With regard to the journals with the highest number of papers on this topic and their impact index, the following table shows the key data for journals with at least five papers on cyberbullying (Table 6).

3.1.4. Dispersion

Finally, we analysed the relationship between the number of journals and the number of articles published on the topic. The core group included 14 journals and a total of 43 articles (32.8%).

3.2. Content Analysis

The most representative studies are listed below, following the categories identified during the analysis of the 131 documents. The most frequent terms and the relationship between them are shown in Figure 4.

3.2.1. Prevention of Cyberbullying

This category includes studies that attempt to provide programmes, resources, or tools that can help prevent cyberbullying. In general, their work focuses on primary prevention, with interventions aimed at raising awareness and learning about the issue.
This category is further subdivided into the sub-categories listed and described below.

The Role of Technology in Cyberbullying Prevention

One of the general aims of the studies included in this sub-category is to demonstrate how technology can mitigate and counteract cyberbullying. In this regard] uses a web radio project, namely, the Web Radio Associação de Jovens de Irajá (Brazil), within the programme “Em sintonia com a saúde (S@S)”, to understand the knowledge and information that young people in public schools have about cyberbullying [49]. This research highlights participants’ questions about the consequences of cyberbullying and the psychological problems suffered by victims. They also showed a desire to learn more about support strategies and an interest in finding out whether there are laws in place to tackle this type of violence. The authors emphasise the importance of dialogue-based communication and discussion, as well as education outside of health centres.
In line with the concerns of participants in the previous study, other studies addresses online harassment, stalking or bullying, and encourages the development of technologies to prevent and counter anti-social behaviour [50]. Examples include voice recognition methods to verify the identity of callers, automated methods to classify attacks, filtering of unwanted communications, etc.
Similarly, other publicacions highlights the need for personalised support systems to solve bullying problems [36]. The paper explores different sensors and social web technologies to enhance the safety and well-being of children and adolescents.

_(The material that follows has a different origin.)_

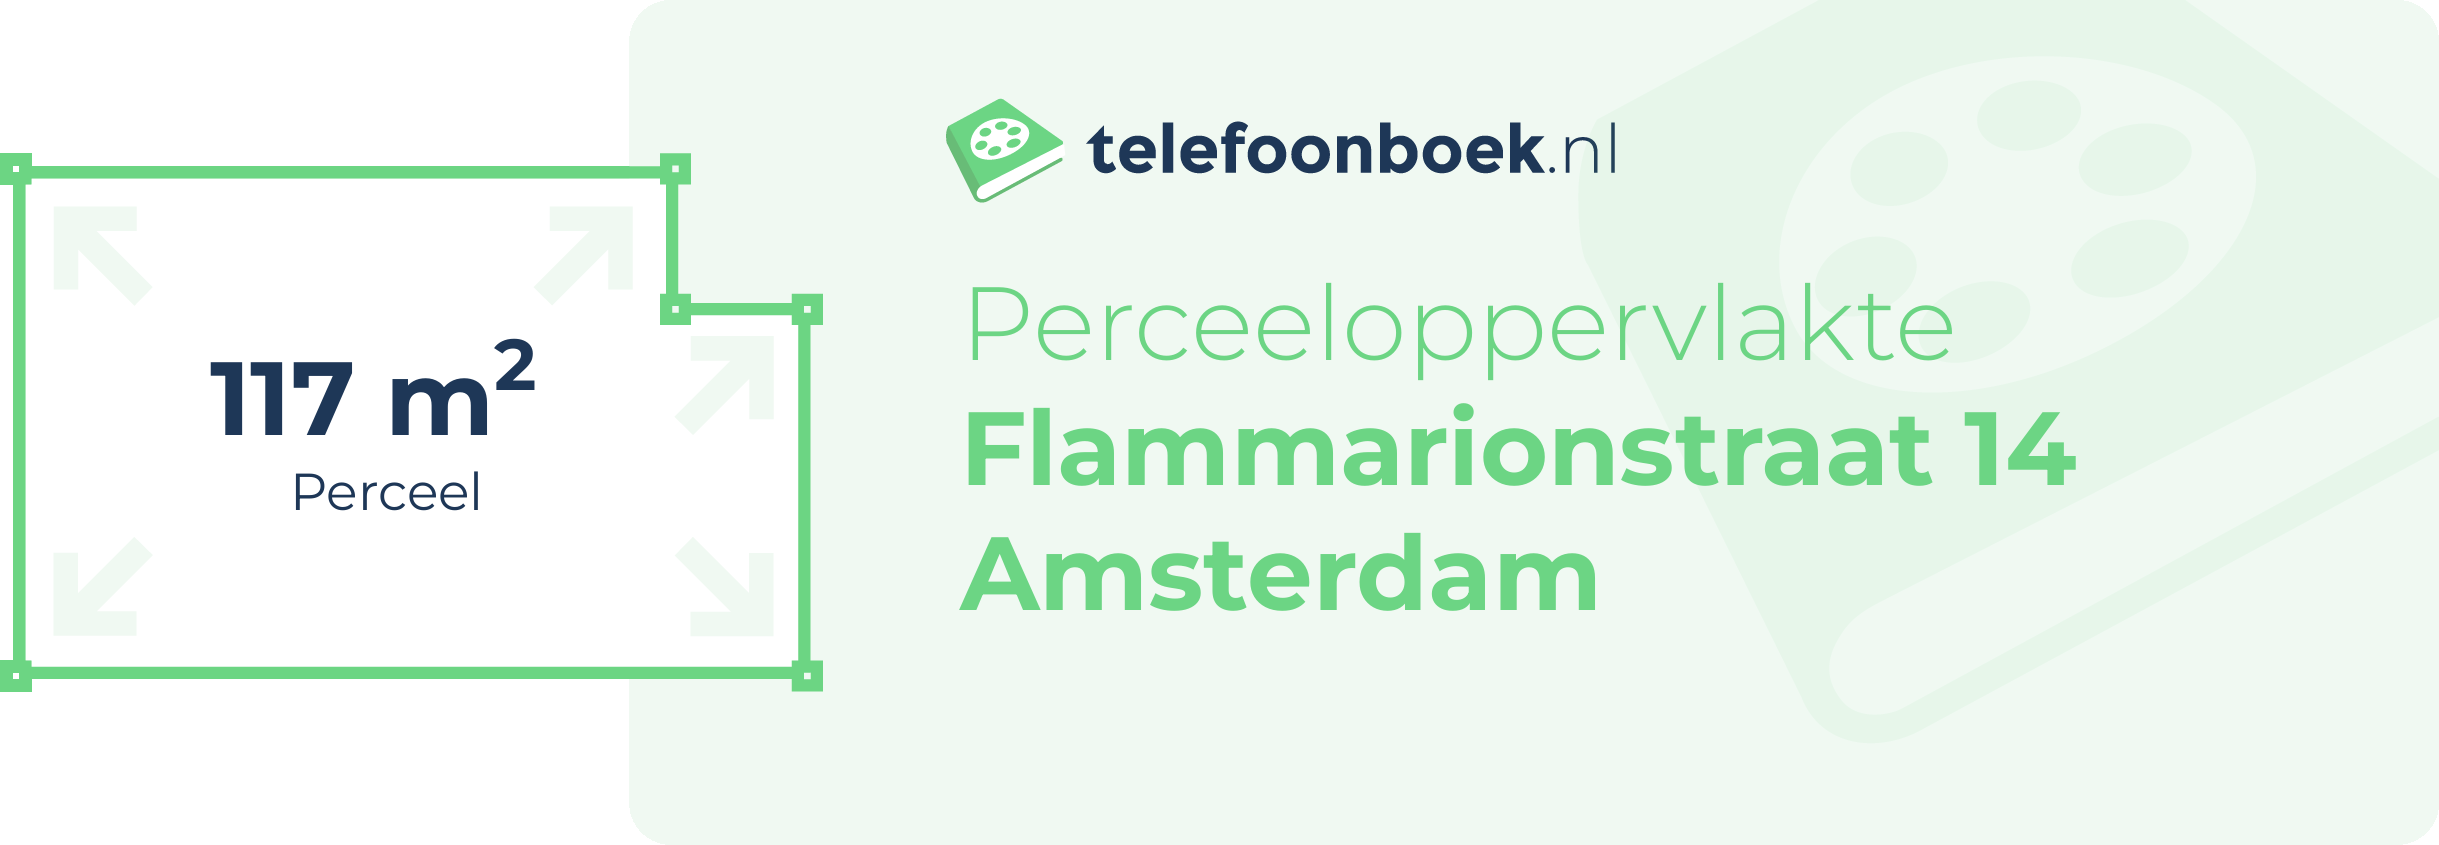 Perceeloppervlakte Flammarionstraat 14 Amsterdam

Analysis of Prevention Programmes and Tools

The sample also includes studies evaluating educational programmes and technological prevention tools to determine their effectiveness. In this context, four schools in a town in New England (USA) participated a project (quasi-experimental study) called Screenshots, designed to develop positive digital social skills and achieved positive results [51].
Similar results, which also support the idea that we need this type of intervention, were obtained by [52,53,54,55]. Furthermore, these studies are consistent in using co-creation processes to develop programmes against cyberbullying. For example, the first of themuses participatory methods to involve students in the production of content for a MOOC on digital health [52];the second describes a pilot study co-designed with adolescents to evaluate an intervention using online counselling via chatbots [53]; and finally, the lasts studiesdescribe how a team of educators, researchers, and technologists worked together to develop and evaluate a multimedia bullying prevention experience called Free2B [54,55].
Most of the documents in this category of intervention project evaluation focus on technological solutions. Another example is the work of [56], in which the serious game “Conectado” was evaluated by 257 students between the ages of 12 and 17. “Conectado” is a graphic adventure designed to raise awareness about bullying and cyberbullying in schools.
Also interesting is the study by the authors of [57], whose results contradict hypotheses that confirm the effectiveness of internet filters in protecting adolescents from unpleasant online experiences. The paper evaluates the effectiveness of these tools by interviewing 1030 adolescents aged 12–15 and their primary caregivers and found that internet filters were not effective.

Guidelines and Recommendations

The documents in this category provide recommendations for teachers, families, and research teams that may be useful in developing educational programmes to address bullying and cyberbullying. They provide guidelines based on the results of empirical studies. An example of such work is the research conducted by [58] to understand online conversations about bullying, which helped improve the content and communications on the U.S. Department of Health and Human Services StopBullying.gov website. Both refs. [59,60] conducted literature reviews and content analyses of scientific studies to provide recommendations. In the first case, the document included a proposal for an intergenerational group intervention for parents and children with neurodevelopmental disorders. The objective was to protect them from potential online harm. This programme consisted of six weekly sessions of 90 min each, covering the following topics: introduction to digital citizenship; digital citizenship and netiquette basics; protection and safety online; cyberbullying; balancing online and offline activities/screen time and gaming; and digital citizenship contracts and family safety plans.
Recommendations provided in the work by [60] include the need for school management teams, teachers, students, and families to be well informed about cyberbullying through courses and seminars.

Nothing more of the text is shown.